Given the Thanksgiving holiday last Thursday and half day on Friday, it was a quieter week for US markets in terms of newsflow. Friday’s Omicron variant selloff was the main talking point. Last week, the S&P 500 Index traded down 2.2%. As in Europe, the defensive stocks held up fairly well, with mild losses in utilities and consumer staples and communications services and consumer discretionary faring a bit worse.
Earlier in the week, US President Joe Biden reaffirmed current Federal Reserve (Fed) President Jerome Powell for another term, with Lael Brainard nominated as vice chair. The news prompted some sharp moves in the bond markets, with the US 10-year yield widening to 1.62% last Monday.
Some believe that Powell will now have greater flexibility to become more hawkish, as Brainard—who was in the running for the Fed leadership role—is seen as more dovish. With the move in yields, we did see growth/tech names underperform earlier last week. It remains to be seen how the latest COVID news will impact policymakers—and markets—going forward.
Looking at Fedspeak, there appears to be more noise around a potential acceleration in the tapering of the Fed’s asset purchasing programme. Atlanta Fed Chief Raphael Bostic had argued in favour of a faster pace of tightening to give the Federal Open Market Committee more optionality. In addition, the Fed meeting minutes released last week said the Fed stressed the need to be flexible as it winds down its US$120 billion-a-month bond-buying programme. However, how the recent COVID-19 news flow feeds into this will be something to watch.

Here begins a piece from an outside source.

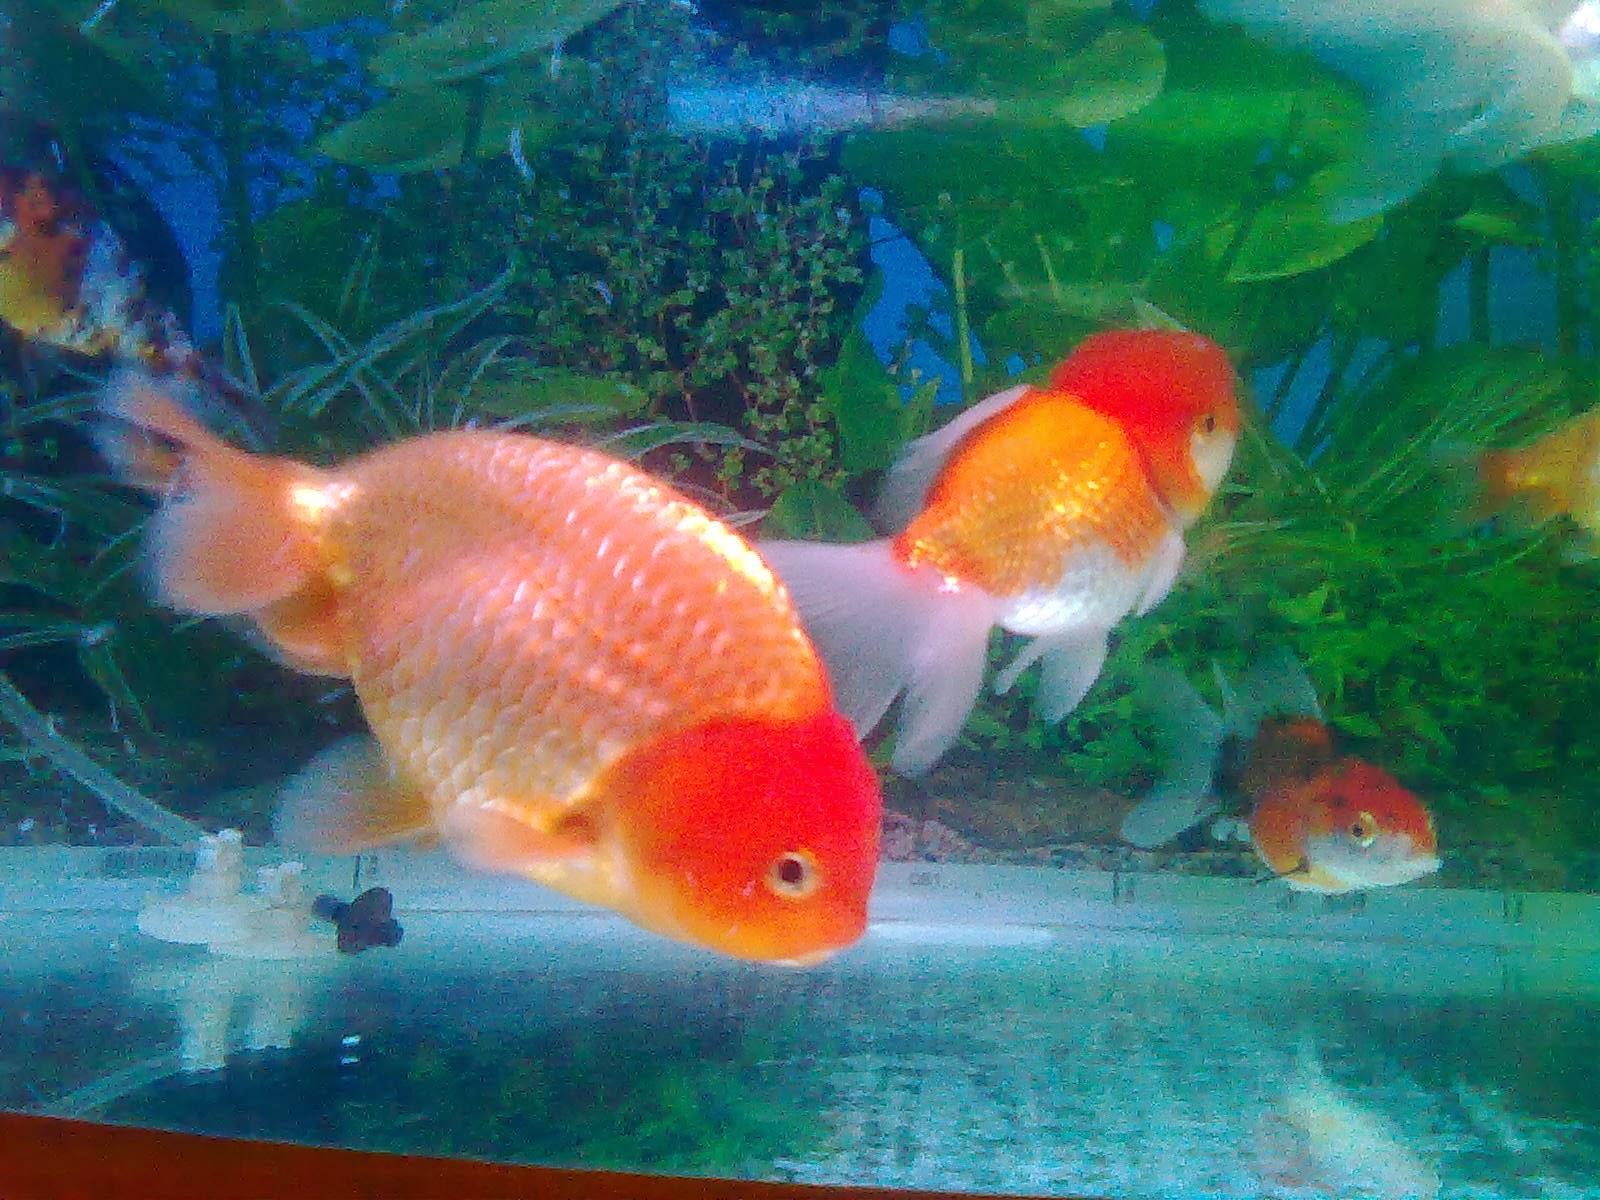 gambar ikan koki untuk diwarnai

Finally, it is worth noting that given the moves on Friday, the CNN Fear & Greed investor sentiment Index has plunged firmly into “Fear” territory. The change in sentiment looks extreme and, if we get any reassuring headlines regarding the Omicron variant, expect a sharp bounce back.
Asia and Pacific
What we thought might be quieter week in Asia (US holidays, Japan was closed on Tuesday) turned out to be rather busier than expected, as the new COVID-19 Omicron variant headlines spooked the market at the end of the week and the old theme of China vs. United States continued.
China: Chinese markets weakened slightly last week amid US-China tensions and rising economic pressures that raised expectations for supportive government measures. The yield on China’s 10-year government bond fell to 2.881% from the prior week’s 2.946% as investors sought safe-haven assets.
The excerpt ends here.